Nonetheless, this set of observations makes an important addition to the knowledge of TE dynamics in the wild and questions our understanding of the main molecular mechanisms through which TEs can impact fitness.
https://doi.org/10.7554/eLife.93284.3.sa1Reviewer #2 (Public Review):
Transposable elements are known to have a strong potential to generate diversity and impact gene regulation, and they are thought to play an important role in plant adaptation to changing environments. Nevertheless, very few studies have performed genome-wide analyses to understand the global effect of selection on TEs in natural populations. Horvath et al., used available whole-genome re-sequencing data from a representative panel of B. distachyon accessions to detect TE insertion polymorphisms (TIPs) and estimate their time of origin. Using a thorough combination of population genomics approaches, the authors demonstrate that only a small amount of the TE polymorphisms are targeted by positive selection or potentially involved in adaptation. By comparing the age-adjusted population frequencies of TE polymorphisms and neutral SNPs, the authors found that retrotransposons are affected by purifying selection independently of their distance to genes. Finally, using forward simulations they were able to quantify the strength of selection acting on TE polymorphisms, finding that retrotransposons are mainly under moderate purifying selection, with only a minority of the insertions evolving neutrally.

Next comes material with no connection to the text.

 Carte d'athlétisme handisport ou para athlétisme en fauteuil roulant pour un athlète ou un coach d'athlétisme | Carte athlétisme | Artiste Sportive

Horvath et al., use a convincing set of strategies and their conclusions are well supported by the data. I think that incorporating polymorphism's age to the analysis of purifying selection is an interesting way to reduce the possible bias introduced by the fact that SNPs and TEs polymorphisms do not occur at the same pace. The fact that TE polymorphisms far from genes are also under purifying selection is an interesting result that reinforces the idea that trans-regulatory effect of TE insertions might not be a rare phenomenon, a matter that may be demonstrated in future studies.

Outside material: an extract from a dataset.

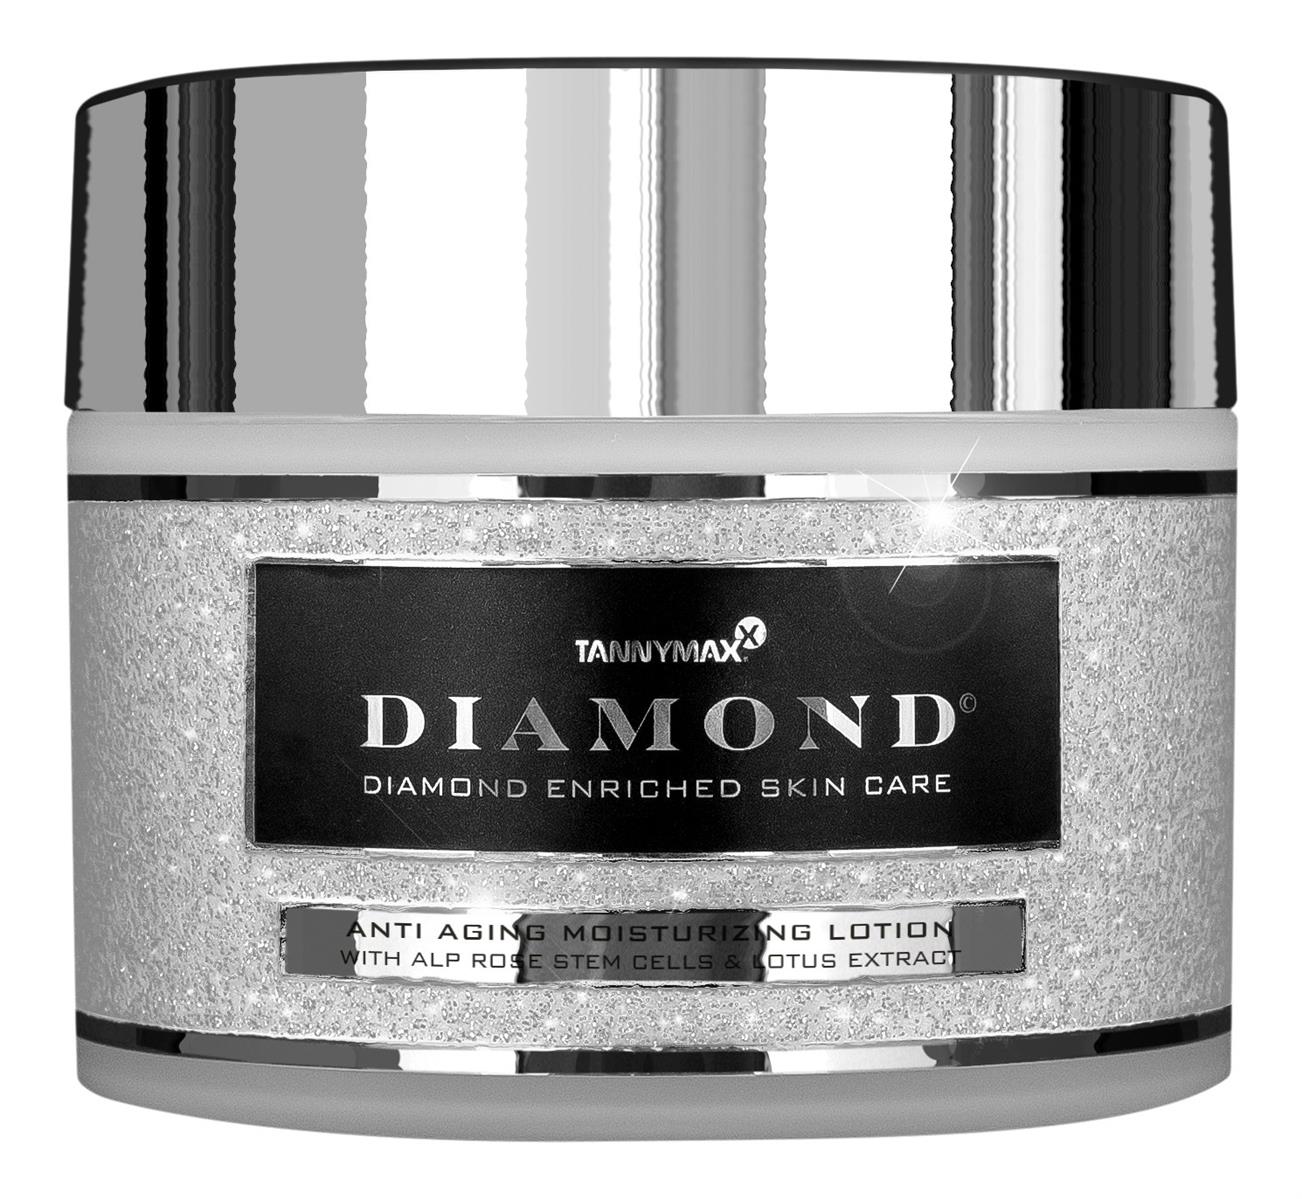 Tannymaxx Diamond -Anti Aging Moisturizing Lotion 3403030000 Feuchtigkeitscreme 190ml

https://doi.org/10.7554/eLife.93284.3.sa2Author response
The following is the authors’ response to the original reviews.
eLife assessment
This valuable study seeks to disentangle the different selective forces shaping the evolutionary dynamics of transposable elements (TEs) in the wild grass Brachypodium distachyon. Using haplotype-length metrics, and genetic and environmental differentiation tests, the authors present in large parts convincing evidence that positive selection on TE polymorphisms is rare, and that the distribution of TE ages points to purifying selection being the main force acting on TE evolution in this species. A caveat of this study, as of other studies that seek to assess TE insertion polymorphisms with short reads, is that the rates of false negatives and false positives are difficult to estimate, which may have major effects on the interpretation. This study will be relevant for anyone interested in the role of TEs in evolution and adaptation.

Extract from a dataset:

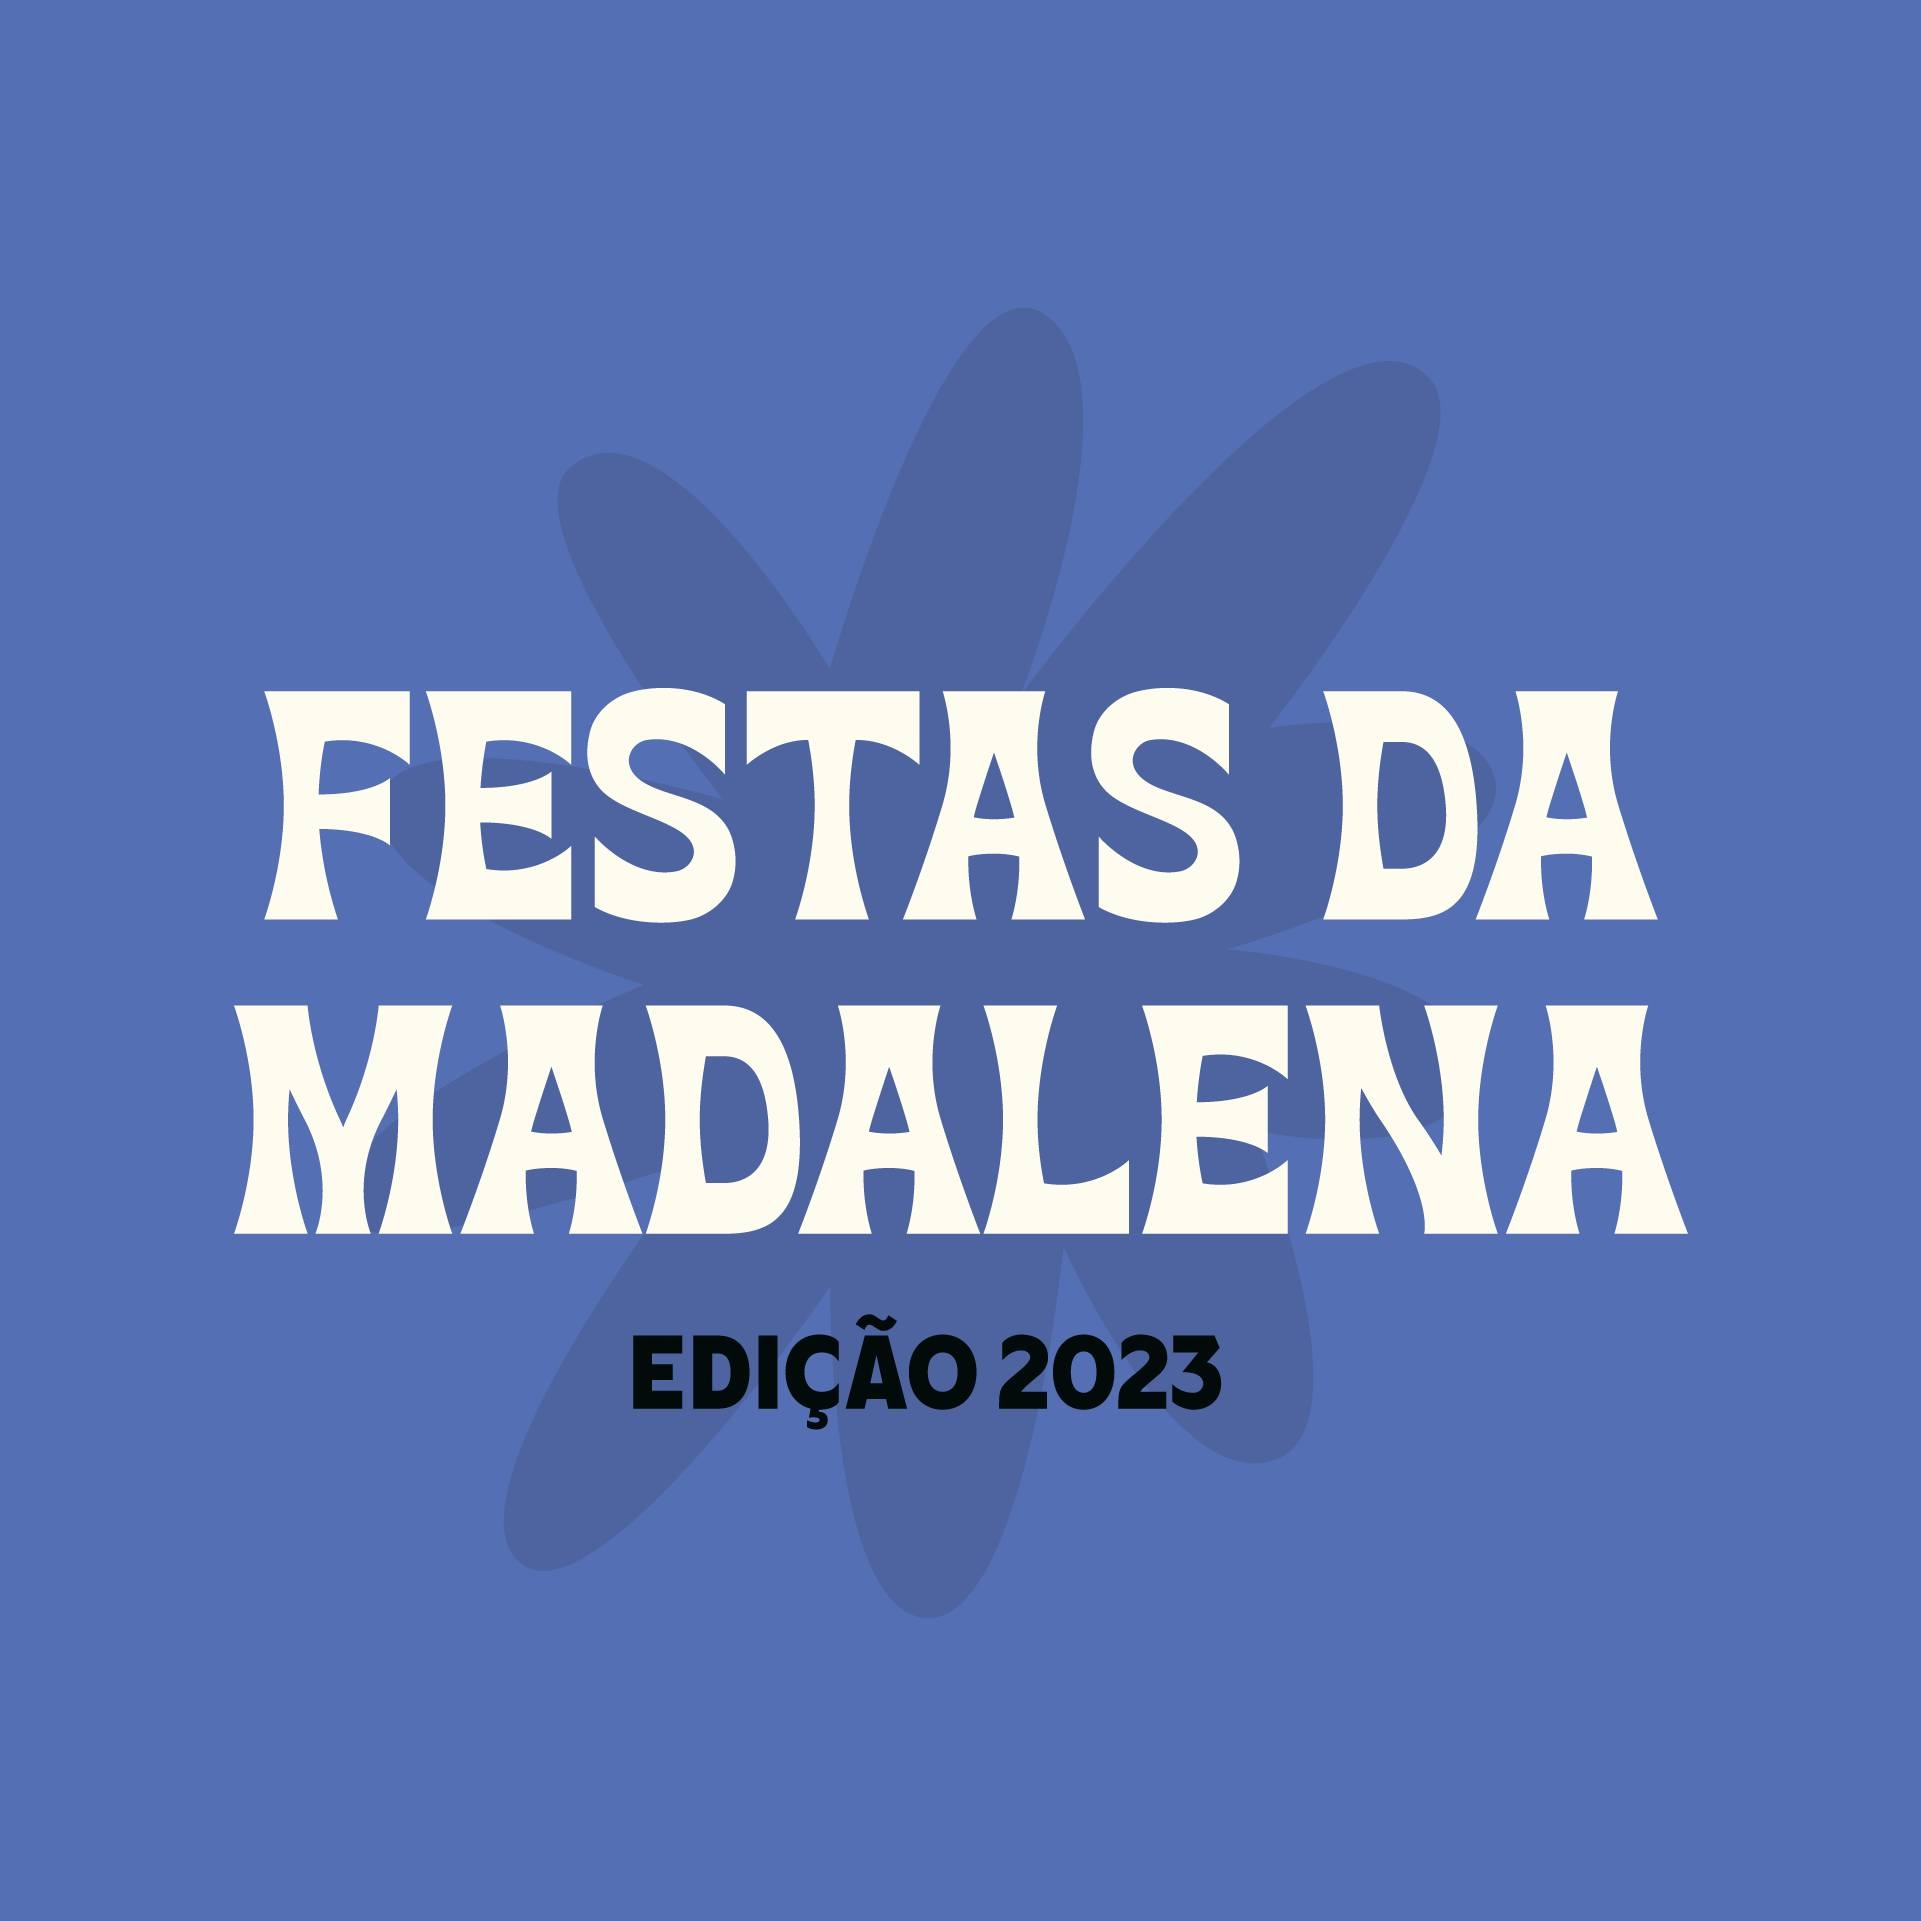 Festas da Madalena 2023

Thank you for considering our manuscript for publication in eLife. We appreciate the constructive comments and suggestions of the reviewers. We have addressed the raised issues by the reviewers. Below, we provide a more detailed response to each of the reviewer comments.
Public Reviews:
Reviewer #1:
The study presented in this manuscript presents very convincing evidence that purifying selection is the main force shaping the landscape of TE polymorphisms in B. distachyon, with only a few putatively adaptive variants detected, even though most conclusions are based on the 10% of polymorphisms contributed by retrotransposons. That first conclusion is not novel, however, as it had already been clearly established in natural A. thaliana strains (Baduel et al. Genome Biol 2021) and in experimental D. simulans lines (Langmüller et al. NAR 2023), two studies that the authors do not mention, or improperly mention. In contrast to the conclusions reached in A. thaliana, however, Horvath et al. report here a seemingly deleterious effect of TE insertions even very far away from genes (>5kb), a striking observation for a genome of relatively similar size. If confirmed, as a caveat of this study is the lack of benchmarking of the TE polymorphisms calls by a pipeline known for a high rate of false positives (see detailed Private Recommendations #1), this set of observations would make an important addition to the knowledge of TE dynamics in the wild and questioning our understanding of the main molecular mechanisms through which TEs can impact fitness.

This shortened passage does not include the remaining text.